Prime Generator Algorithm

The primgen program simply generates prime numbers until you get bored and stop it (likely), the maximum integer size is reached (unlikely), or the program runs out of memory (much more likely than the last one). It is based on the sieve method, and is quite fast.

To present the algorithm used by pgen, we will start with the simple-minded prime generation method. It is based on a double loop like this: this:

for n := 2 to infinity do for d := 2 to n / 2 do if d divides n then proceed to the next n print n

Now, we will try to improve the efficiency. First, we observe that the inner loop needs only to check the d values which are themselves prime. Since it has already identified these values, we need only remember them. So now we have:

primes := { } for n := 2 to infinity do for each d in primes do if d divides n then proceed to the next n print n primes := primes + {n}

This version is faster because the inner loop performs fewer iterations. It is possible to make it still faster, however, by using a better data structure for primes For this, first off, we observe that any given prime number eliminates a series of its multiples in increasing order. For instance, as n increases, the prime number 2 will eliminate 4, 6, 8, 10, …, in that order. The prime number 7 eliminates 14, 21, 28, and so forth. This means that, for any prime, we can predict which n value will be eliminated next. This leads to the notion of an eliminator object. It is a pair of numbers, a prime and one of its multiples. The multiple is the next n value which it will eliminate.

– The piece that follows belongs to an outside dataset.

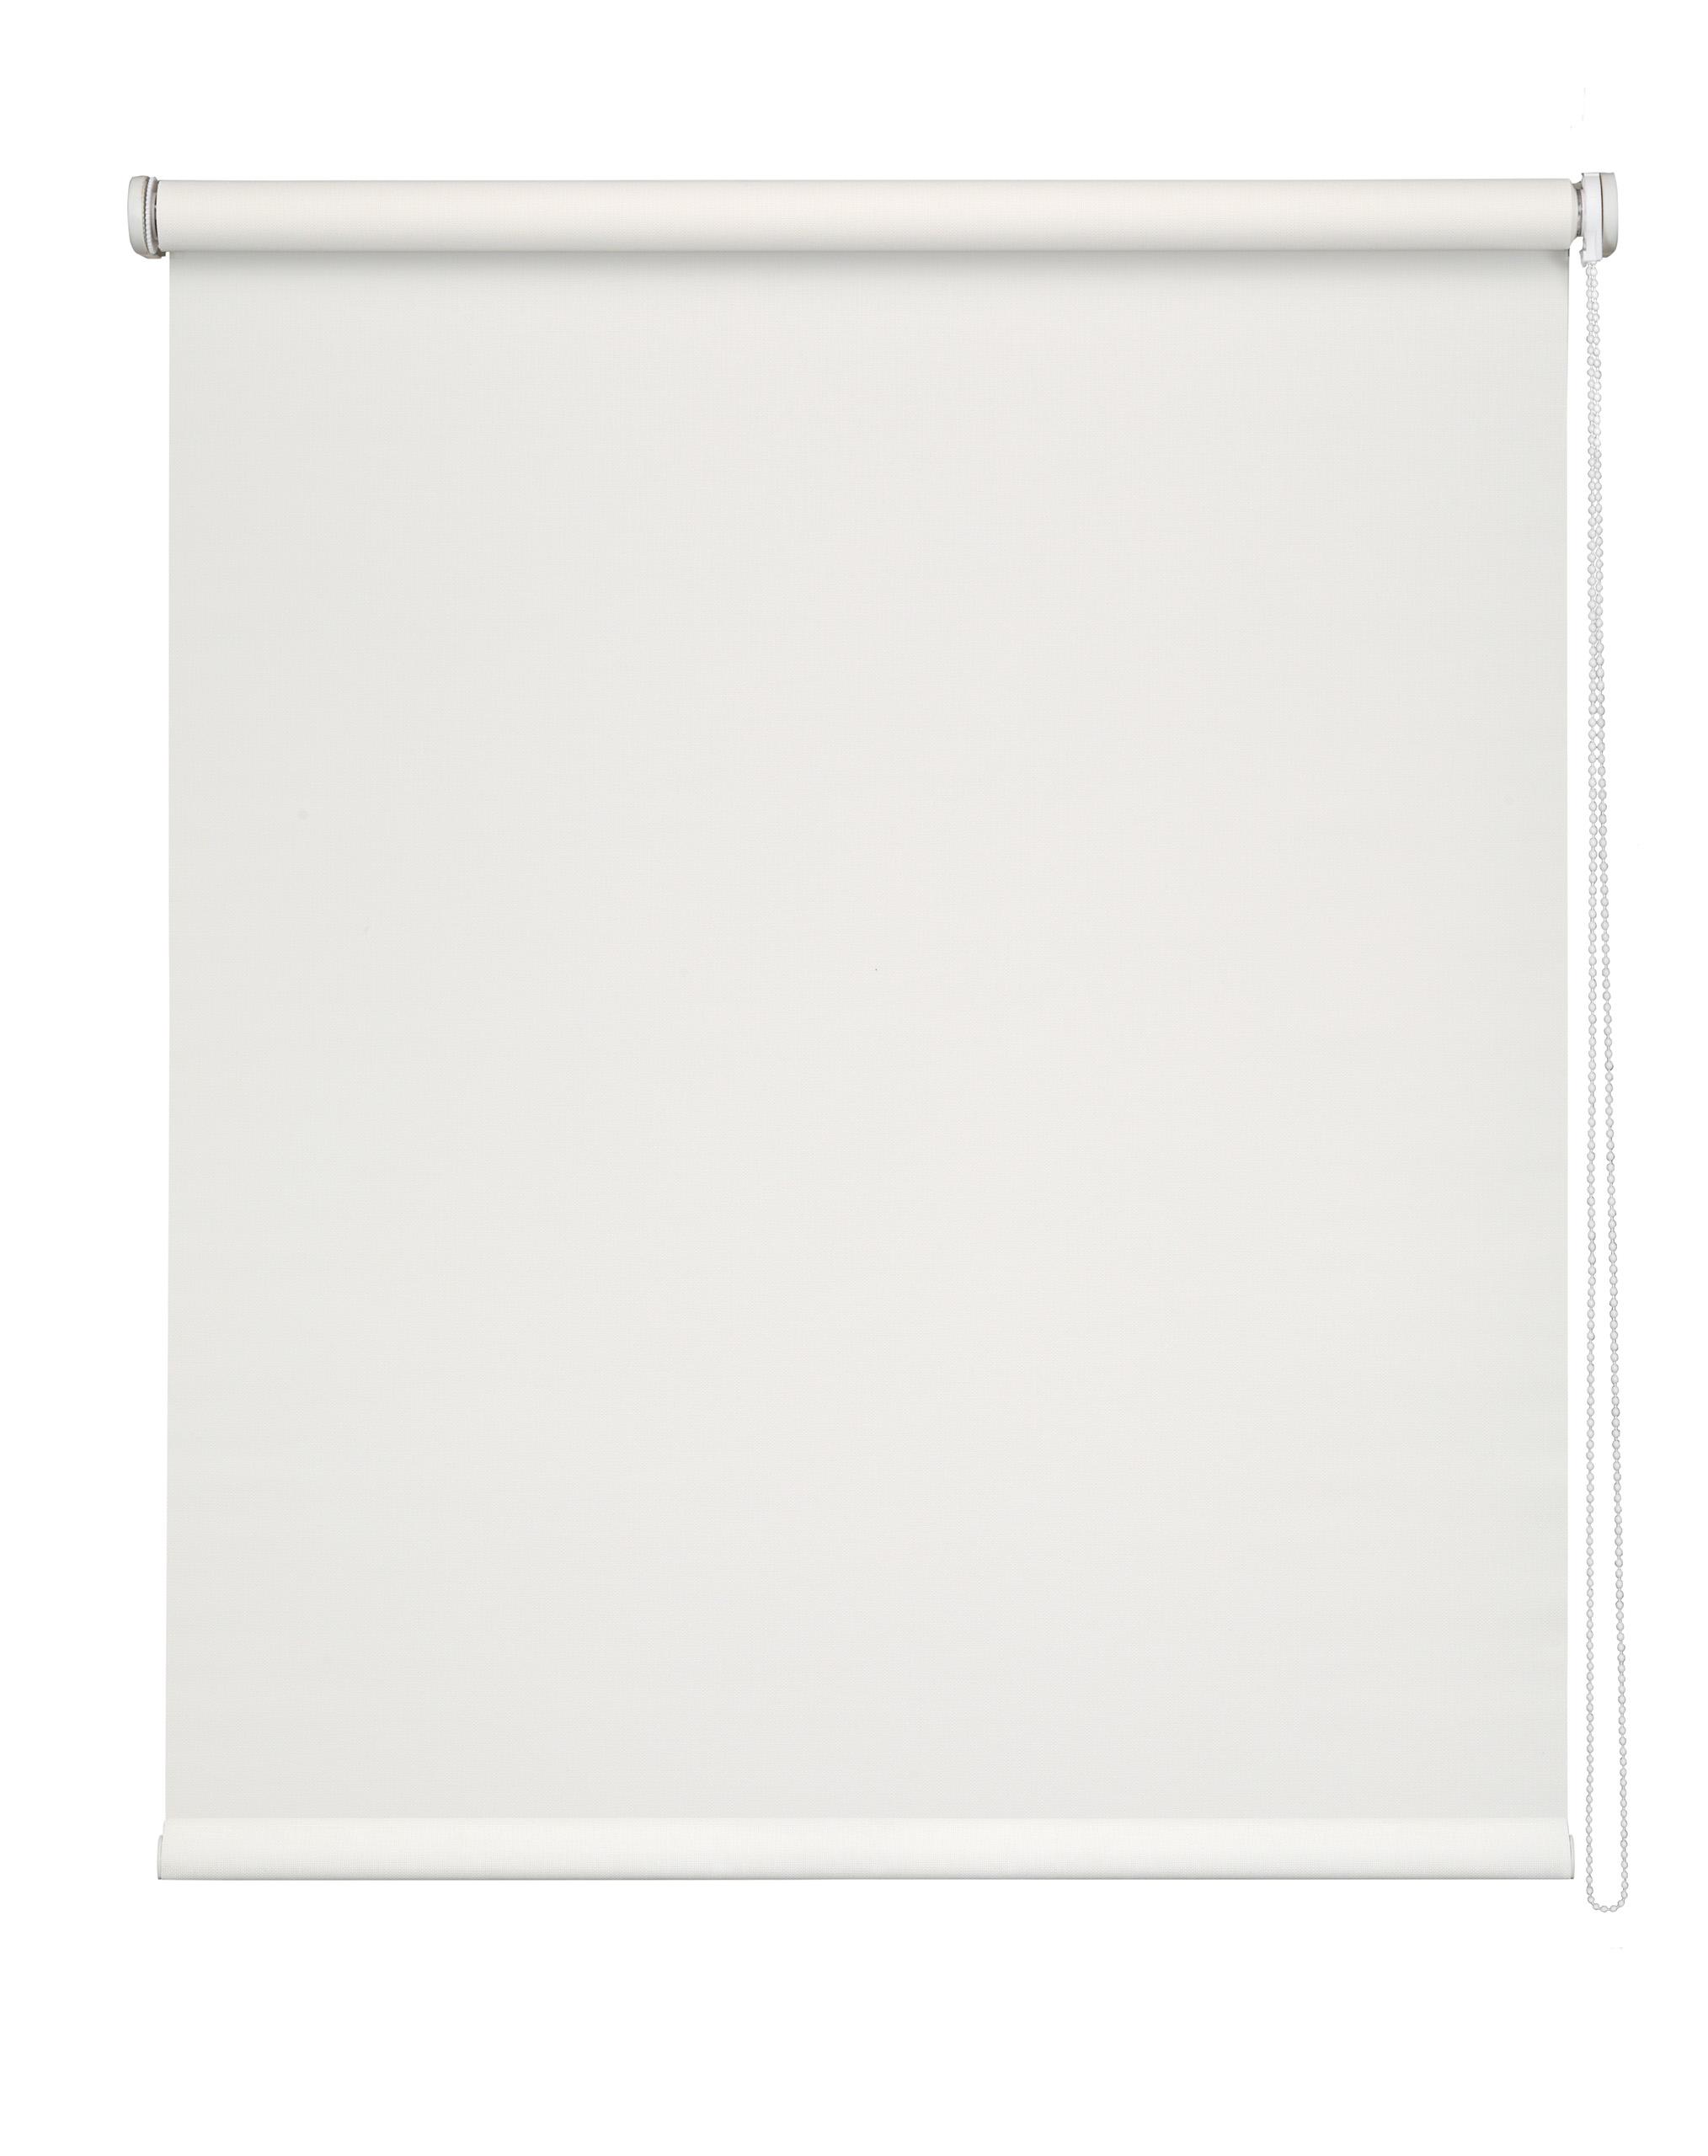 Store Enrouleur voile Screen - Blanc - 135 x 250 cm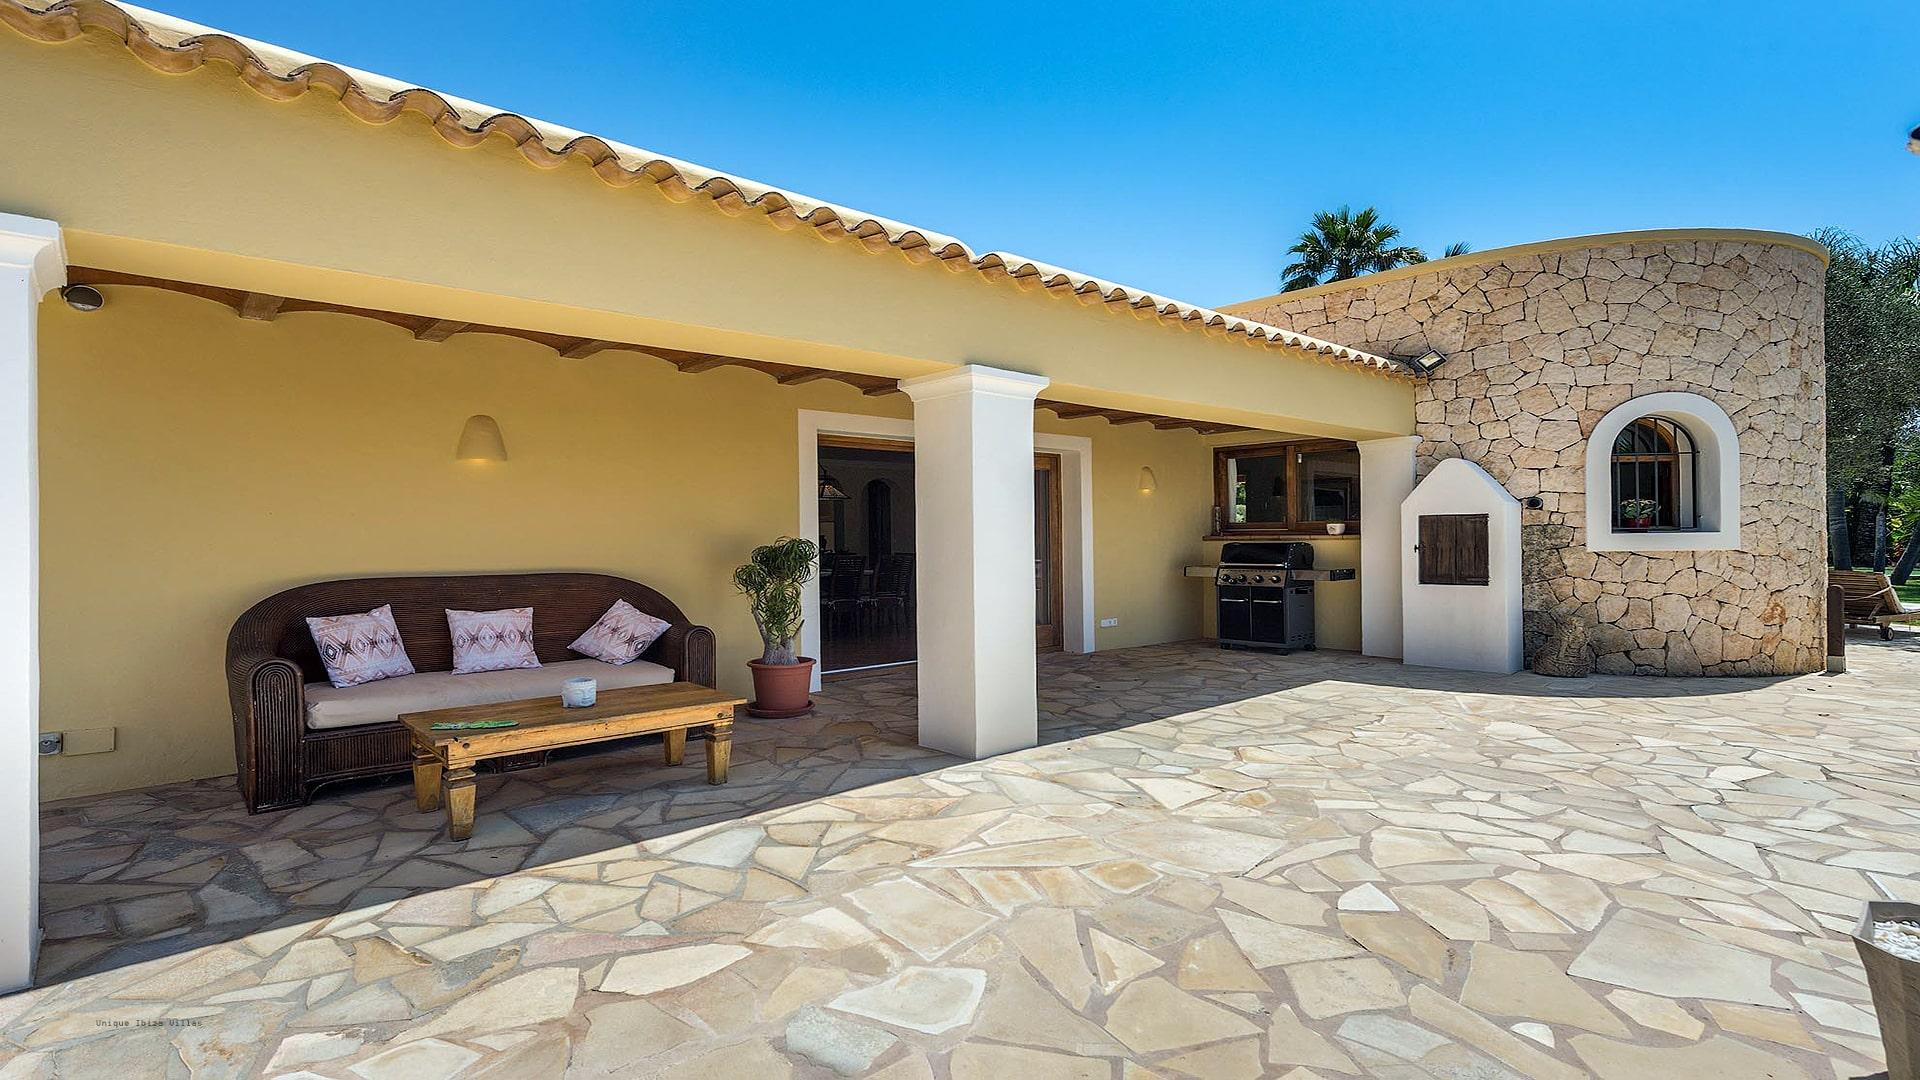 Casa Beni Ibiza 21 Santa Eulalia

It also has a method advance which moves it to its next victim. That simply means adding the prime to the multiple to create the next multiple. We keep a collection of these. For each n value, we check to see if a member of our eliminator collection eliminates n. If so, we know that that n is not prime, and we advance the eliminator. The algorithm becomes:

eliminators := { } for n := 2 to infinity do if eliminators contains some element e = (p, n) then advance e to (p, n + p) if there are any other e′ = (p′, n), advance them, too. proceed to the next n print n eliminators := eliminators + {(n, 2n)}

Here's what that looks like:

n eliminators Action
2 Print n
3 (2,4) Print n
4 (2,4), (3,6) Eliminate n
5 (2,6), (3,6) Print n
6 (2,6), (3,6), (5,10) Eliminate n
7 (2,8), (3,9), (5,10) Print n
8 (2,8), (3,9), (5,10), (7,14) Eliminate n
9 (2,10), (3,9), (5,10), (7,14) Eliminate n
10 (2,10), (3,12), (5,10), (7,14) Eliminate n
11 (2,12), (3,12), (5,15), (7,14) Print n
12 (2,12), (3,12), (5,15), (7,14), (11, 22) Eliminate n
. . .

The supposed speed improvement in this version comes from replacing the loop through primes with an if test on the contents of eliminators. But this isn't a real improvement if the test requires us to just loop through eliminators instead. To avoid that, we need a data structure which can quickly answer the question “does eliminators contains some eliminator e = (p, n)”. First observe that, at each step, if there is an eliminator for n in eliminators, it is always one with the smallest multiple. Therefore we organize eliminators as a heap. A heap is a data structure from which it is efficient to find and remove the smallest (or largest) item.

I use the vector class from the C++ standard libraries to hold eliminators. The standard libraries also provide the methods to order the contents of a vector as a heap.


Source: This algorithm is hardly original. The Sieve of Eratosthenes is a classical approach. This particular implementation was suggested by a data structures book I have by Augenstein and Tenenbaum, which is nearly as ancient. (The application language is PL/I, which might give you clue, if you've heard of PL/I.) My implementation is rather different from theirs (better, I think), but omits some optimizations which they suggest.